## [Goal of the exercise]
Extract the opening line of the entries and every line after it, stopping at and including the line that contains "Freeporn Komochi Tsuma". Do not include pictures.

## [Exercise materials]
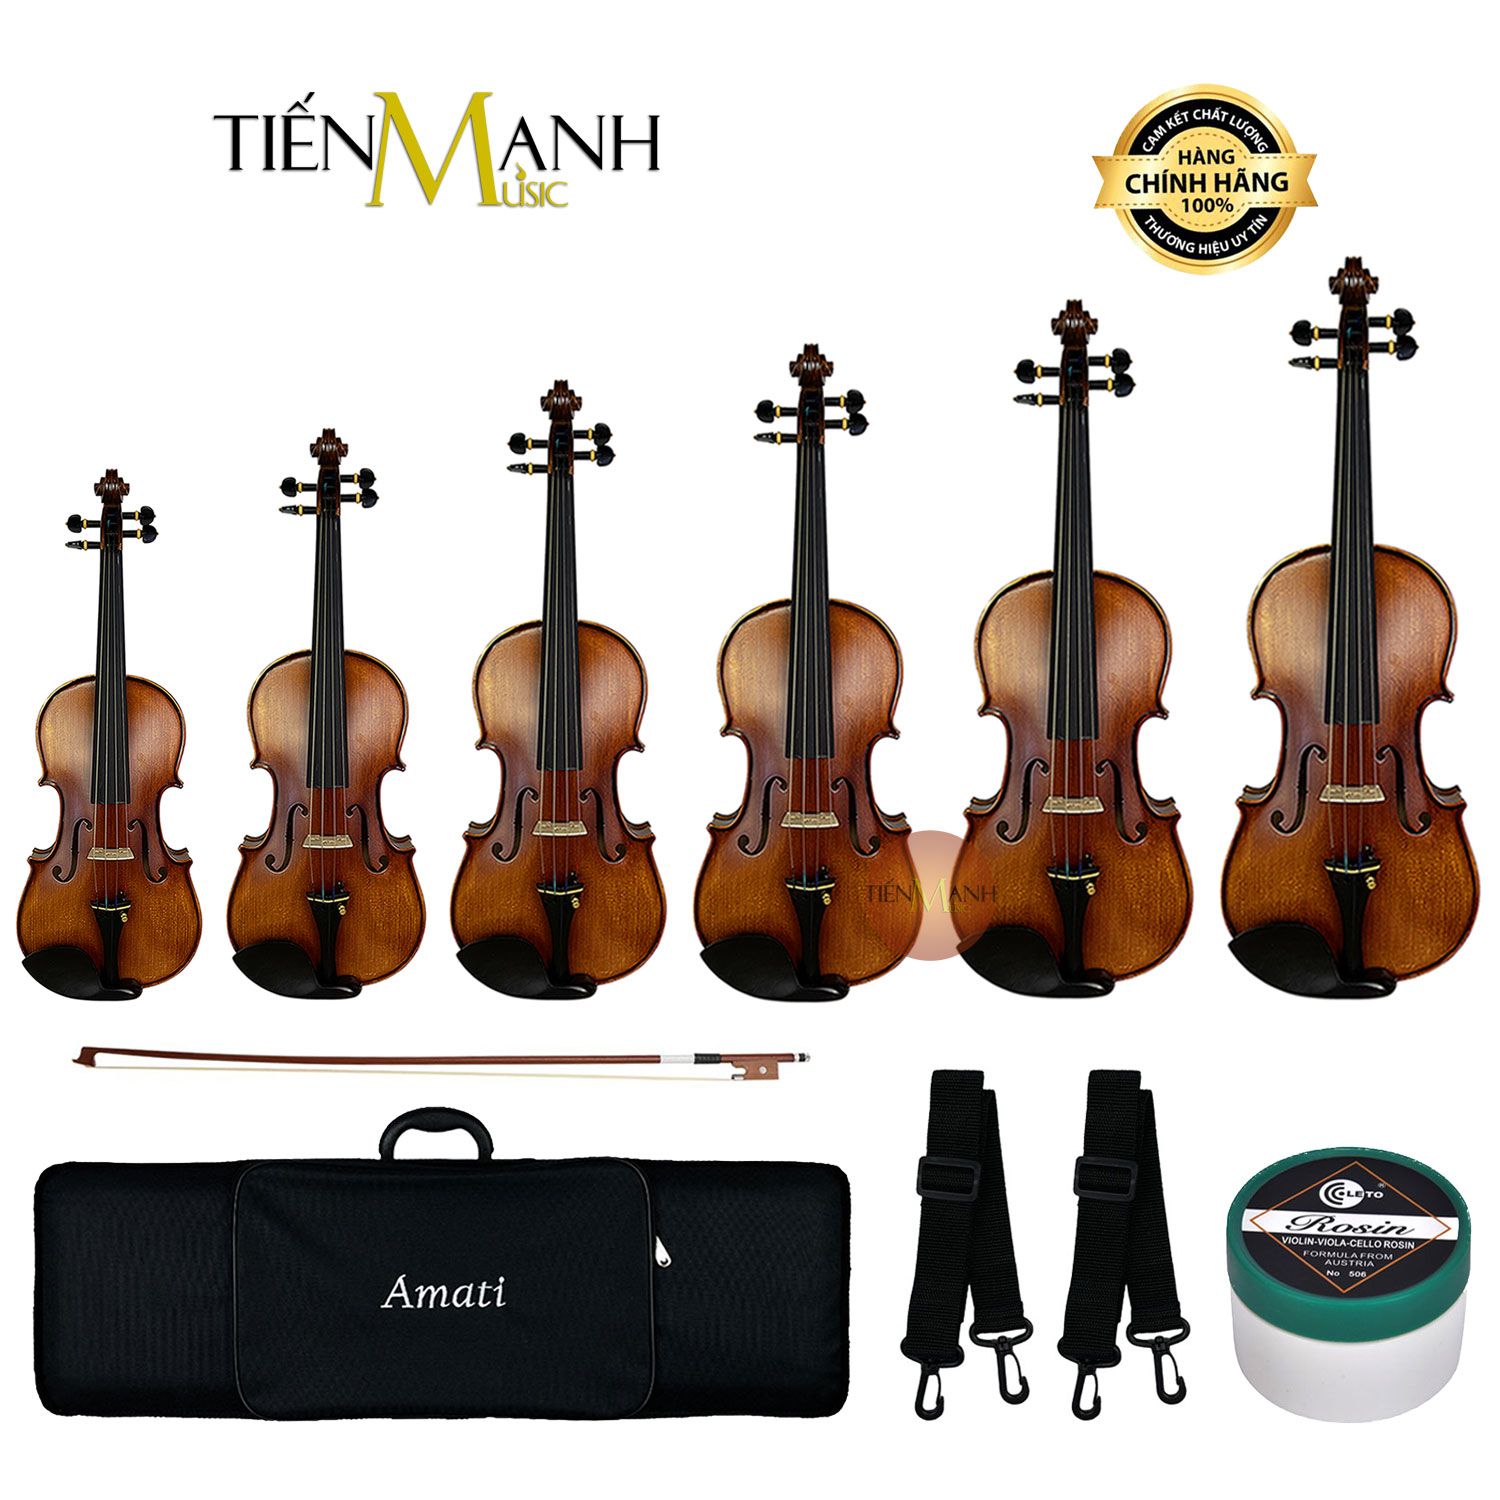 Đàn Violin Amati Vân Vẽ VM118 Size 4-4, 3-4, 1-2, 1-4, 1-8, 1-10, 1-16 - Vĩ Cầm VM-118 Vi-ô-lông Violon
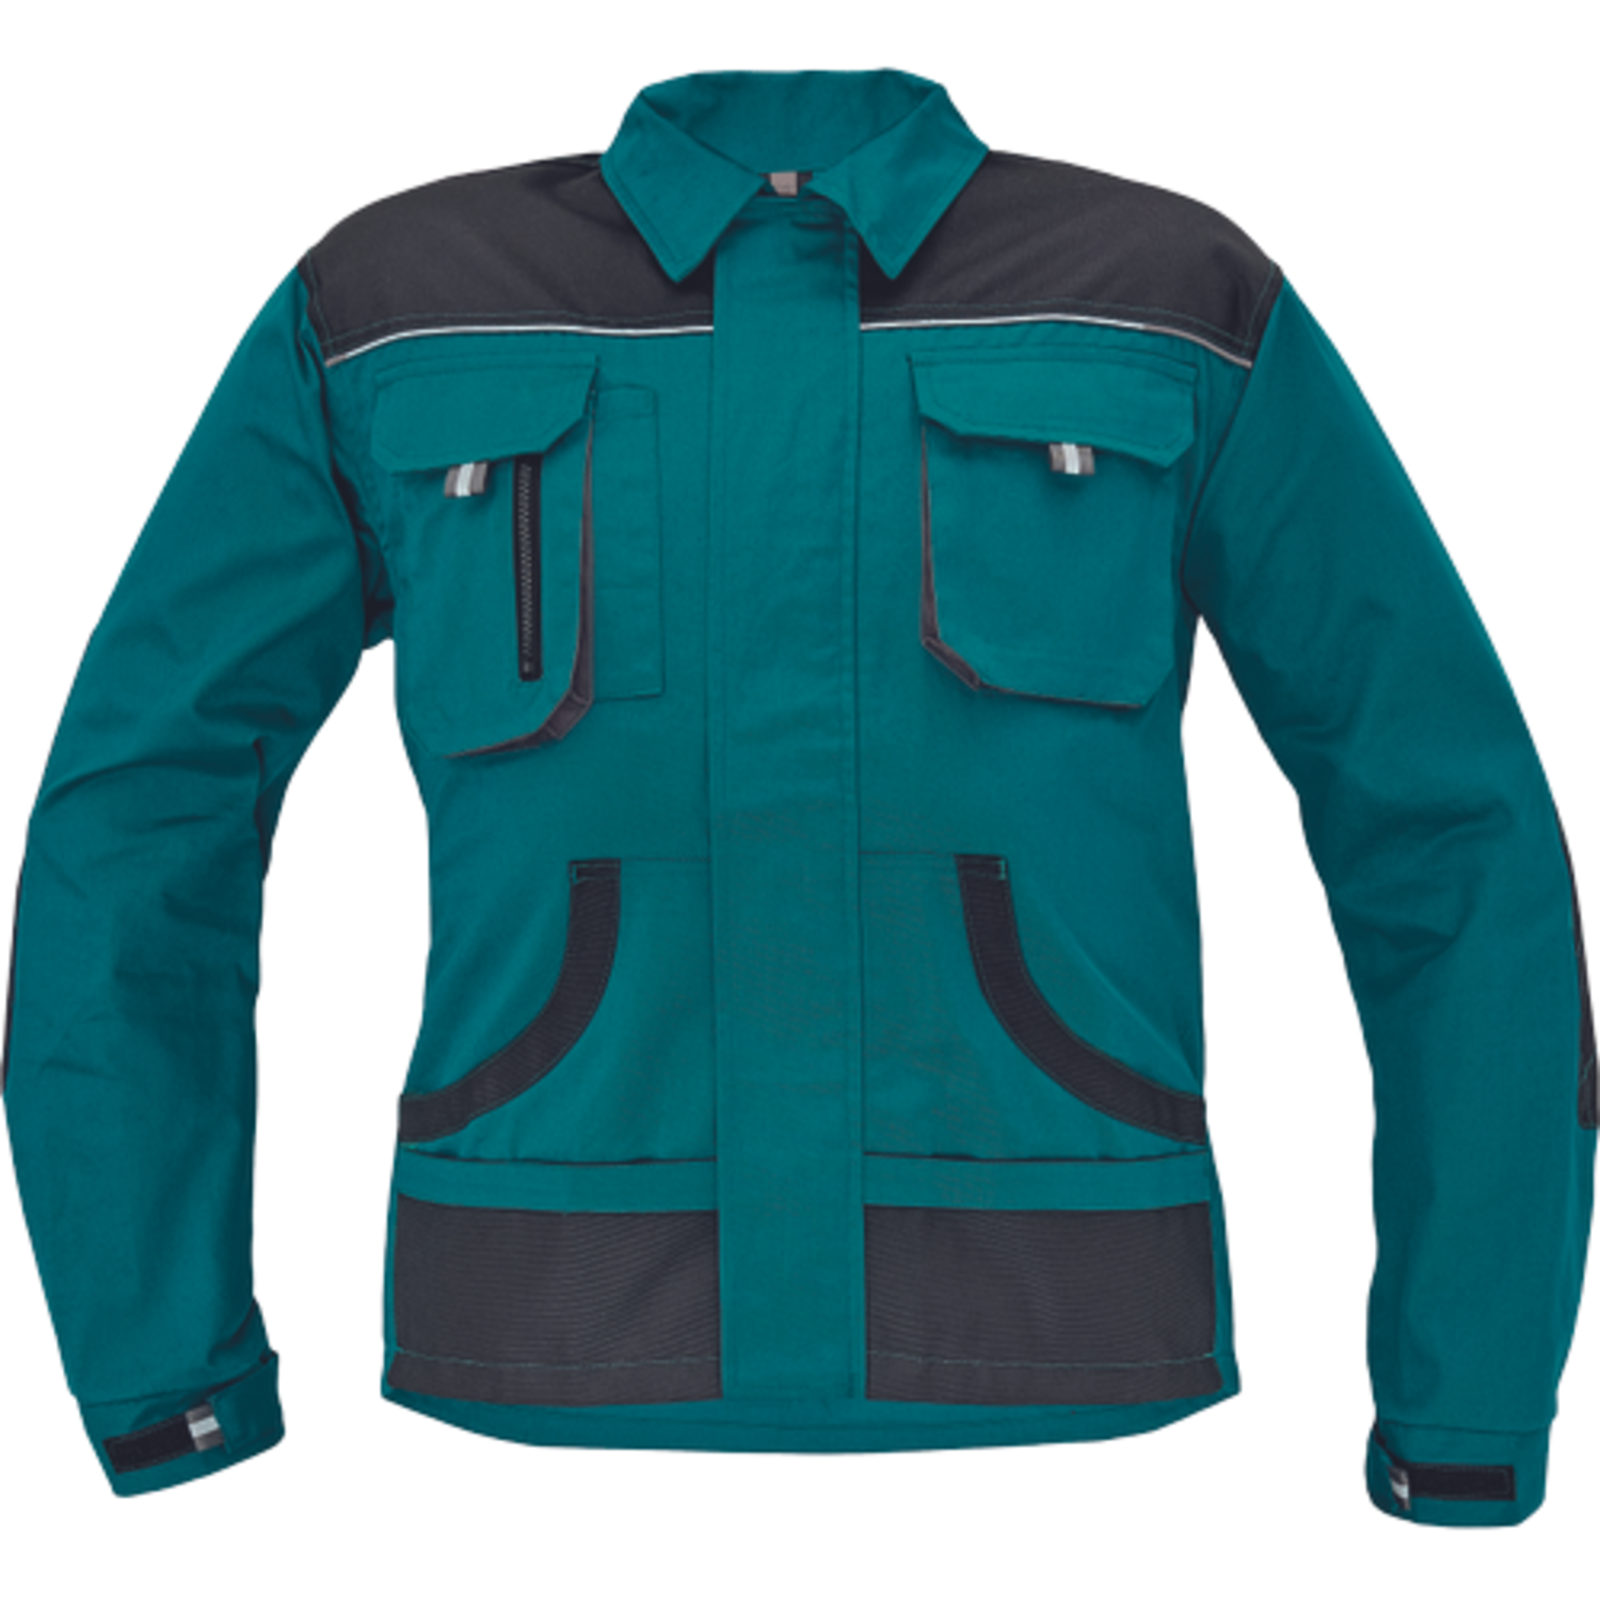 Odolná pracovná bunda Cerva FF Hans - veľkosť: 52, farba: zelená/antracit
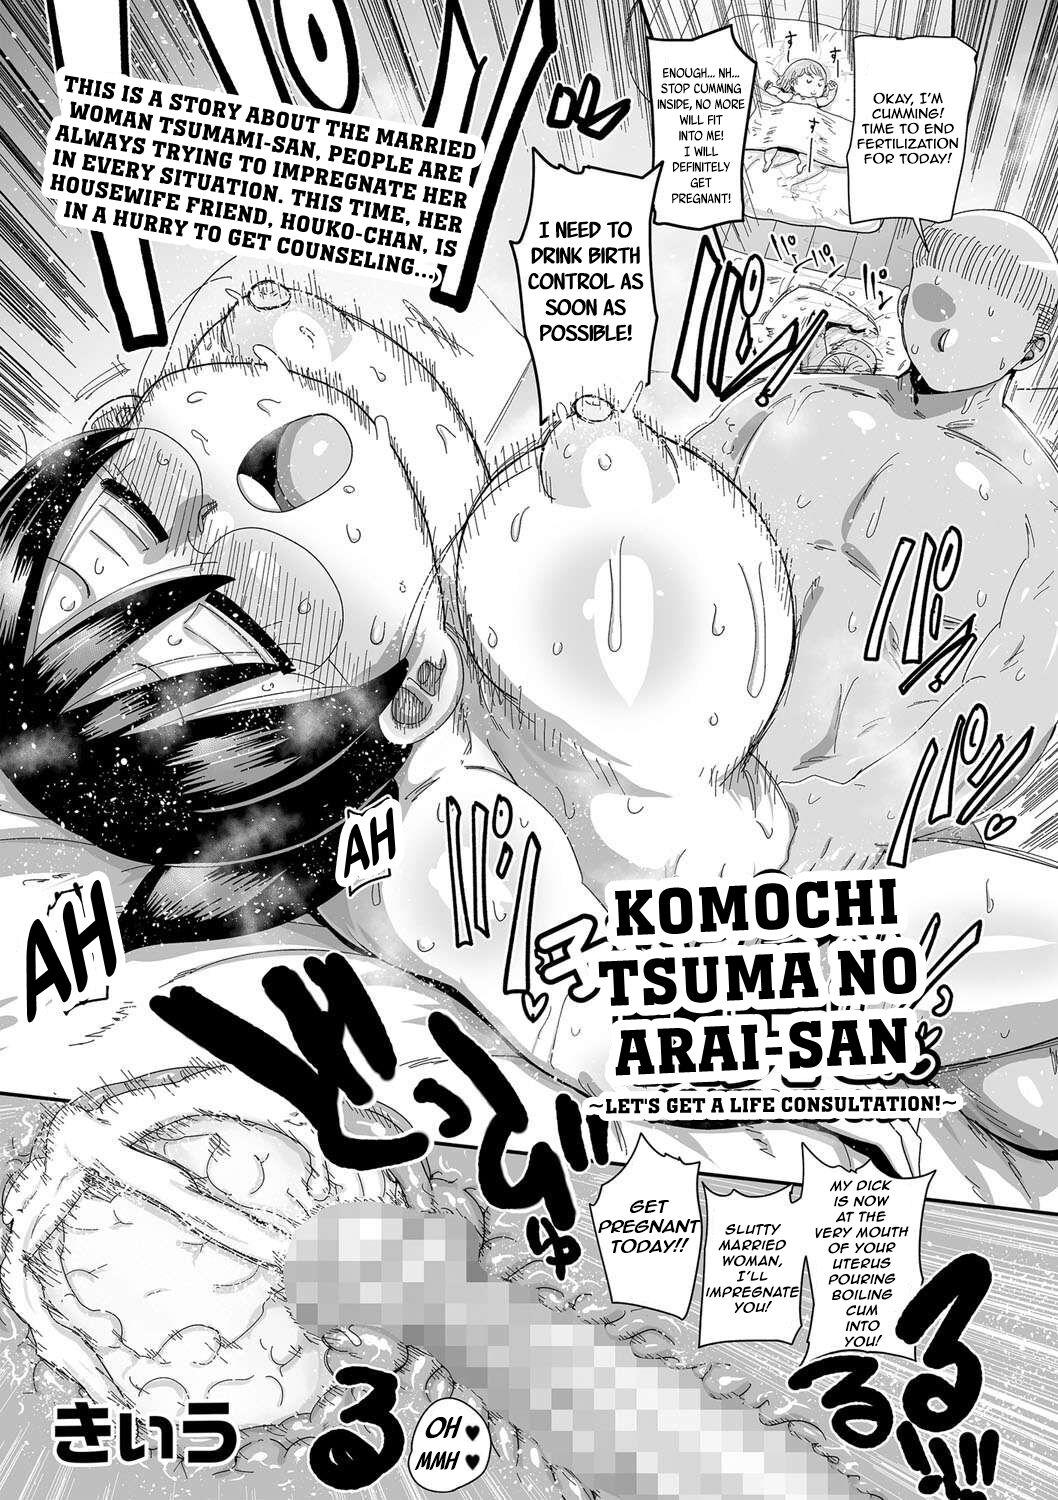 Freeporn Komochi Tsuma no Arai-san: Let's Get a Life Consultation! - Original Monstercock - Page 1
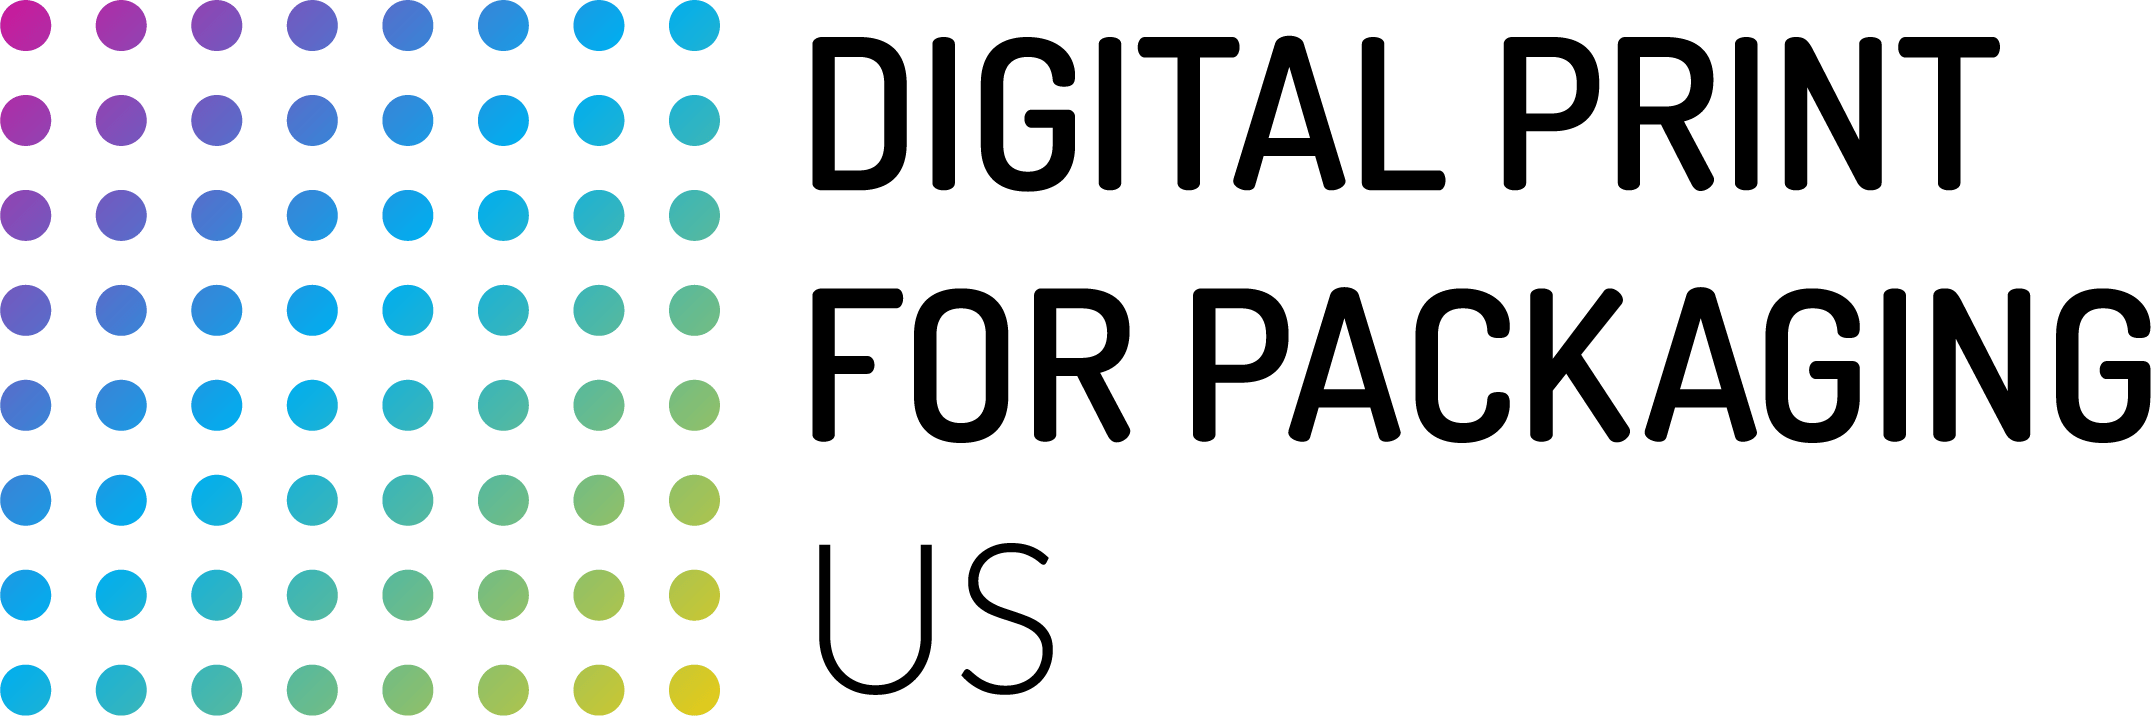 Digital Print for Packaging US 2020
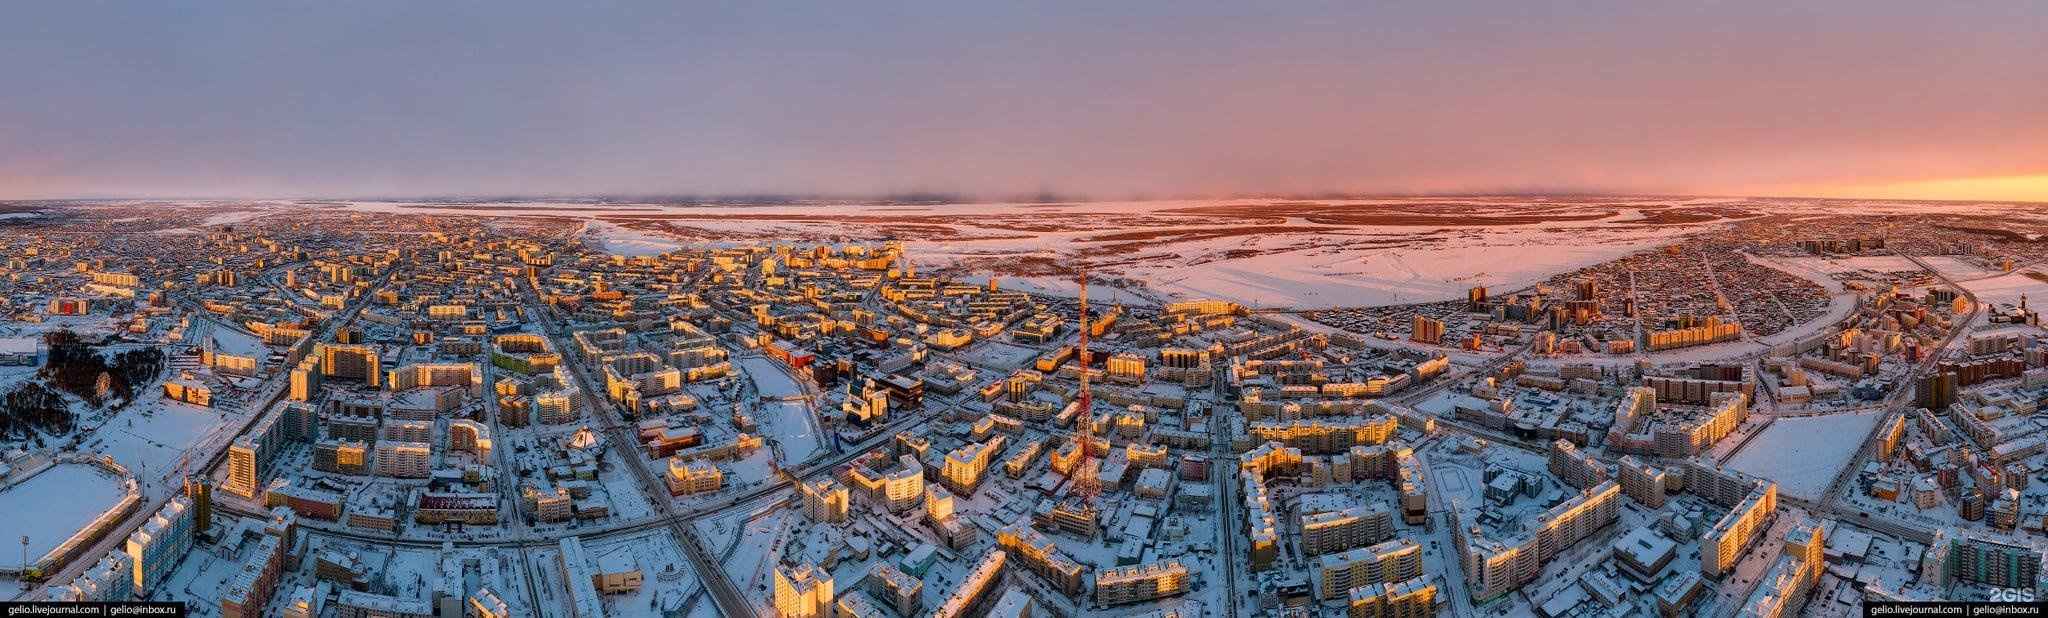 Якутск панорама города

## [Result of the exercise]
 Đàn Violin Amati Vân Vẽ VM118 Size 4-4, 3-4, 1-2, 1-4, 1-8, 1-10, 1-16 - Vĩ Cầm VM-118 Vi-ô-lông Violon
 Odolná pracovná bunda Cerva FF Hans - veľkosť: 52, farba: zelená/antracit
 Freeporn Komochi Tsuma no Arai-san: Let's Get a Life Consultation! - Original Monstercock - Page 1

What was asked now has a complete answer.